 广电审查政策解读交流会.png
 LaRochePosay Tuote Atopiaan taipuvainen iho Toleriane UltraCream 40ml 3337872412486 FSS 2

---

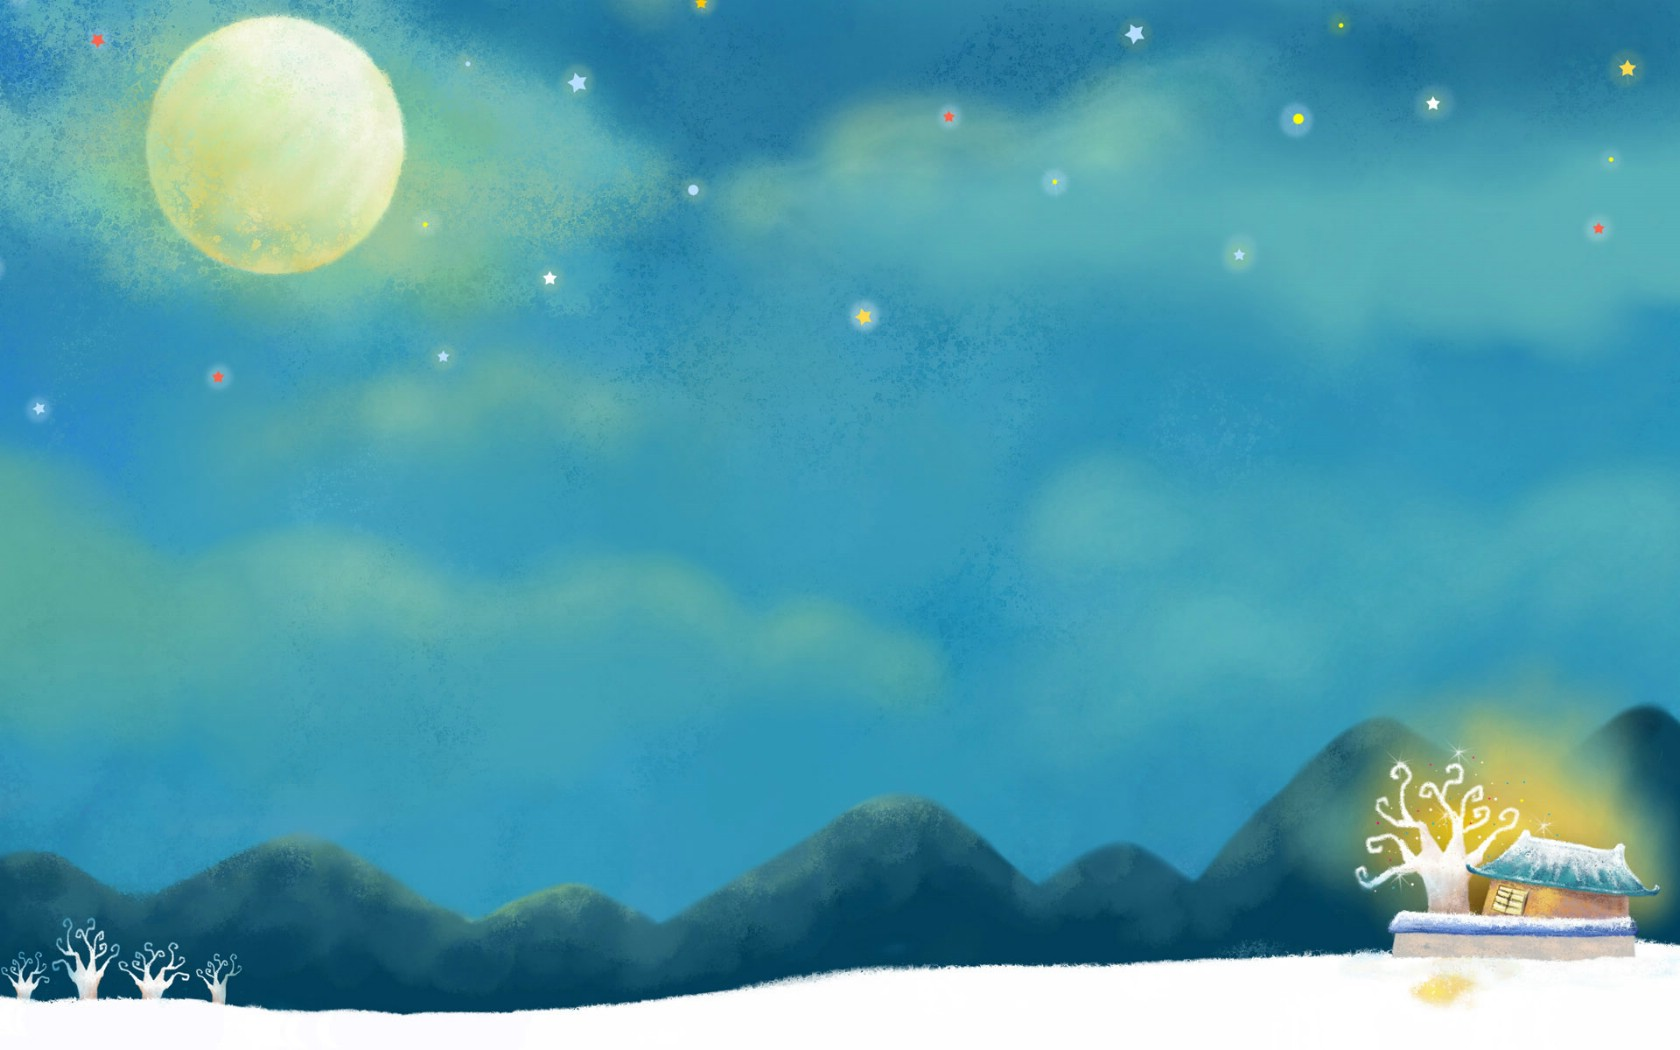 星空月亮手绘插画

---

* Task prompt: All that is wanted is an exact copy of the lines above from the one with "广电审查政策解读交流会.png" through the one with "LaRochePosay Tuote Atopiaan", with both ends included.

* Answer to this task:
 广电审查政策解读交流会.png
 LaRochePosay Tuote Atopiaan taipuvainen iho Toleriane UltraCream 40ml 3337872412486 FSS 2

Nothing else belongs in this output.